On April 5, 2019, a World Trade Organization (WTO) dispute settlement panel issued a landmark ruling in a dispute between Russia and Ukraine in which Russia claimed it had taken trade-restrictive measures for the purpose of protecting its national security. Central to the dispute was the so-called “national security exception,” which allows WTO members to breach their WTO obligations for purposes of national security. In the Russia-Ukraine dispute, Russia invoked the exception to justify measures that blocked trade between Ukraine, Kazakhstan, and the Kyrgyz Republic that transited through Russia. Russia claimed it had adopted those measures in response to escalating events in Ukraine after political turmoil there in 2014.
Q1: Why does this dispute matter for the United States and the WTO overall?
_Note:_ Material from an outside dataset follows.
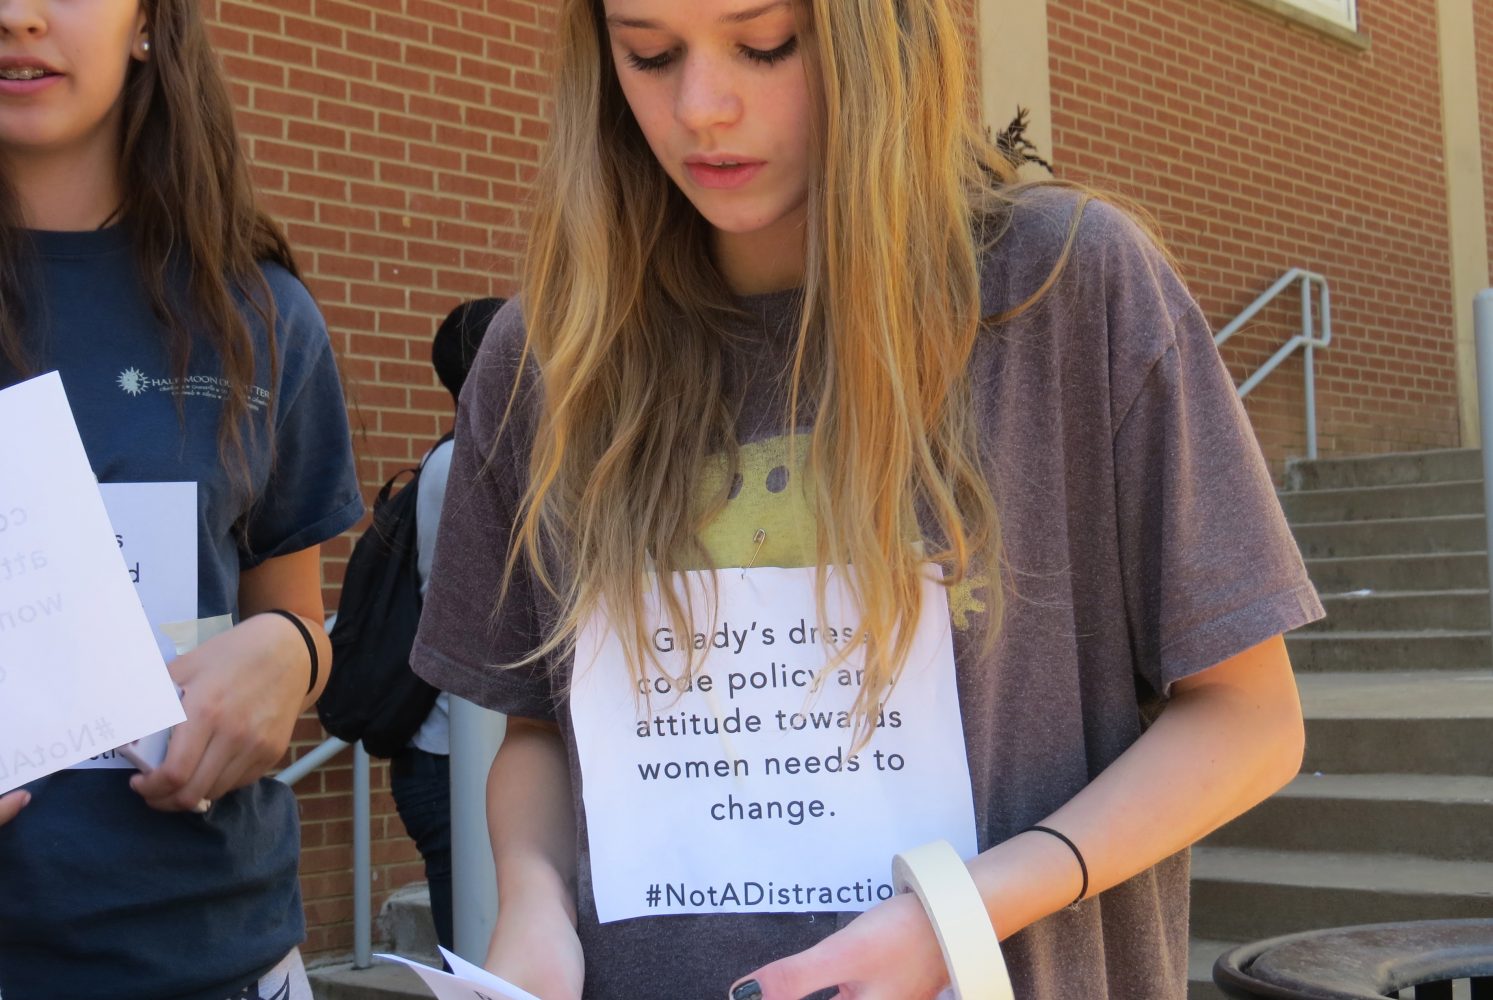 Students protest dress code policy, enforcement
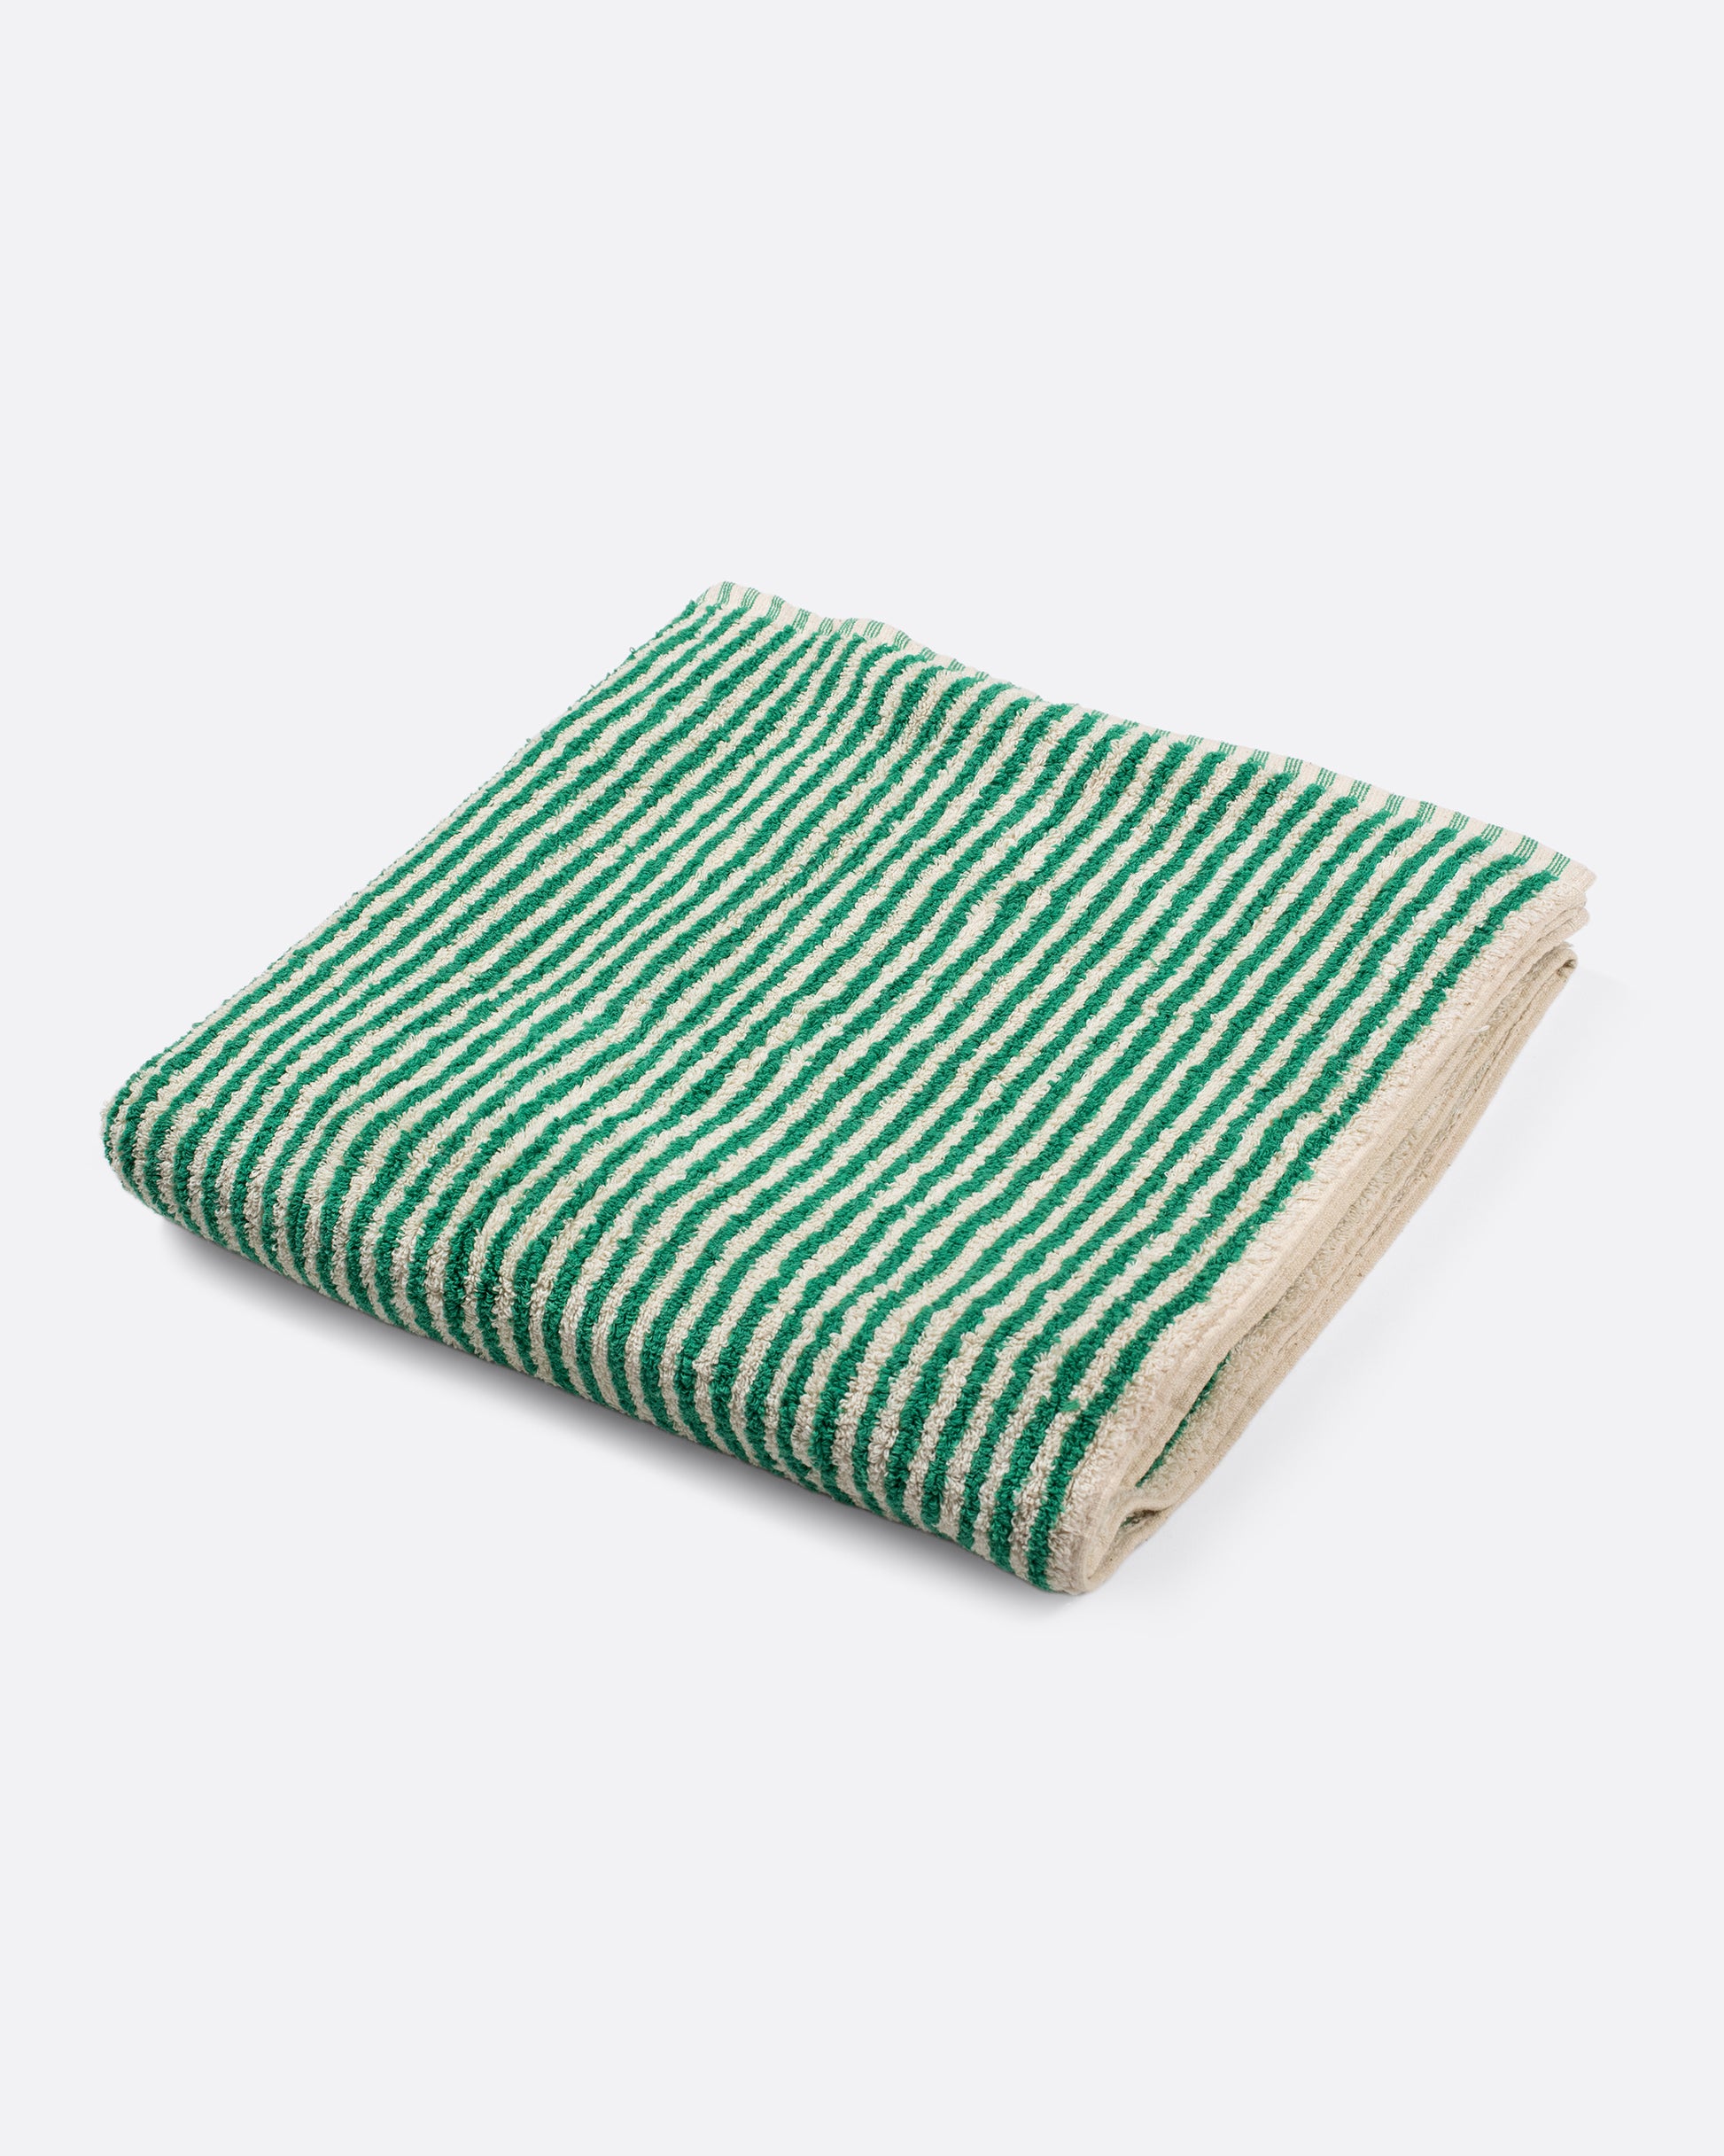 This Turkish bath towel is lightweight but incredibly absorbent. It rolls up easily, making it your new go-to beach and pool companion.

A1: The United States has invoked the WTO national security exception, laid out in Article XXI of the General Agreement on Tariffs and Trade (GATT), to justify its tariffs on steel and aluminum. The European Union, Turkey, Switzerland, Russia, Norway, Mexico, Canada, India, and China have filed disputes against the United States at the WTO and claim that there is no legitimate or plausible national security rationale for the tariffs. The Trump administration, however, has an ironclad view that measures taken by members for the purposes of national security cannot be reviewed by a WTO dispute settlement panel. In fact, the Trump administration sided with Russia in the complaint brought by Ukraine for the same reason, despite backing Ukraine in the conflict there. The outcome of the Russia-Ukraine dispute offers a glimpse into how future WTO panels could handle other disputes involving the Article XXI national security exception, including the U.S. steel and aluminum tariffs. Observers of the WTO have long seen a dispute over Article XXI as a lose-lose proposition. There is concern that a ruling upholding the U.S. view of the national security exception could inspire other countries to impose protectionist measures in the name of national security, while a ruling that limits a country’s ability to use the exception could be seen an unacceptable breach of national sovereignty, which would discredit the WTO and perhaps lead members such as the United States to withdraw from the body.